不過數個呼吸間,“蒼蠅”來到大殿之上,對著此時站在正中,眺望遠處的寒鴉老人一抱拳,“穀主,黃萬裡攜顧醒、陳浮生前往藥池,此時仍未出。
還有……”前半句講的極快,並沒有任何遲疑,反倒是後半句說的有些猶豫,惹得寒鴉老人有些不悅。
“有話快說,彆在那支支吾吾的!”寒鴉老人此時不再是老黃頭眼中的綠衣女子,她重新披上了一件墨綠色鬥篷,遮住了身形,也遮住了麵容。
不敢再有片刻耽擱,探子再次抱拳說道“穀外的行走大人,也在黃萬裡身邊。”
“哦?是嗎?他們可聊了些什麼?”寒鴉老人突然來了興致,有些好奇的問道。
“並無相熟之言,反倒是互有忌憚,就這麼僵持在當場。”探子一五一十的將所見所聞全數稟報,沒有一點遺漏。
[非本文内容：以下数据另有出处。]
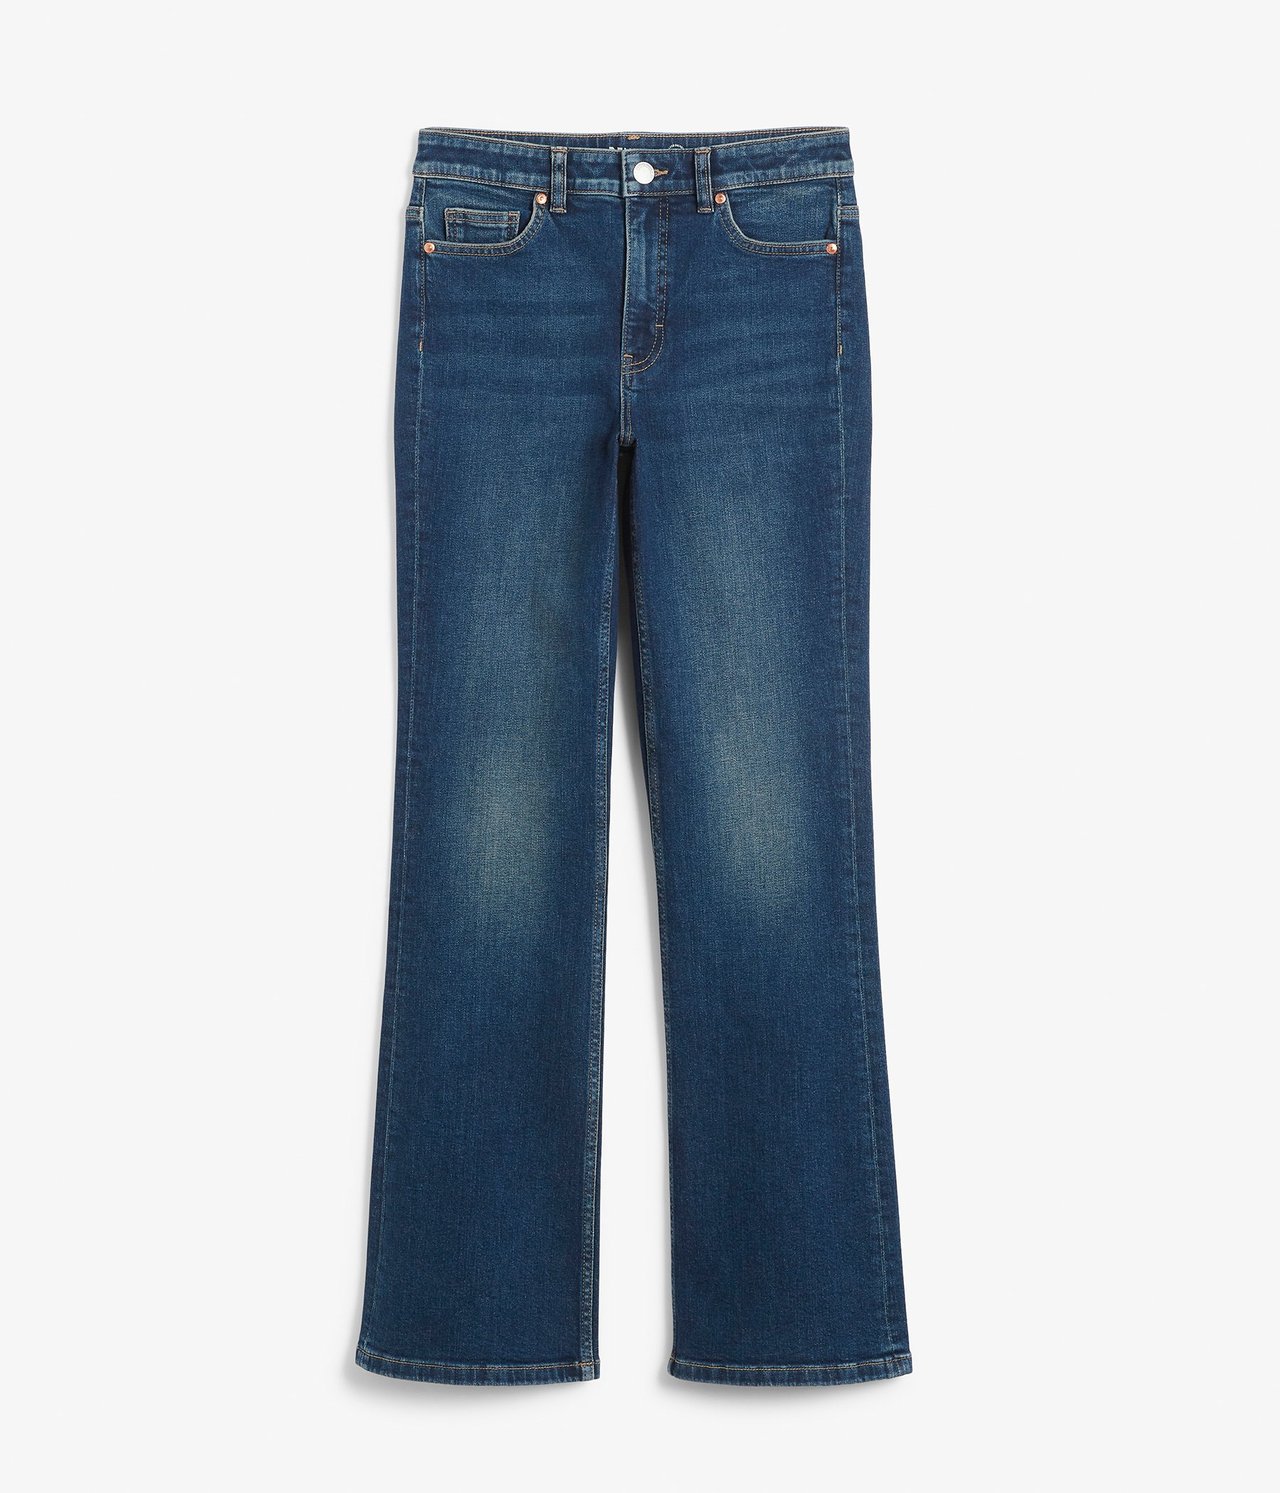 Flare jeans regular waist

寒鴉老人沉吟半晌,一抬手,揮斥探子,自語道“事情越來越又意思……”
卻說彼時寒鴉老人從大堂中走出來,危名虎和安遙想要跟隨卻被她抬手阻止,兩人隻能作罷。雖不知寒鴉老人將往何處,但自從黃萬裡來此,一切便有些不一樣了。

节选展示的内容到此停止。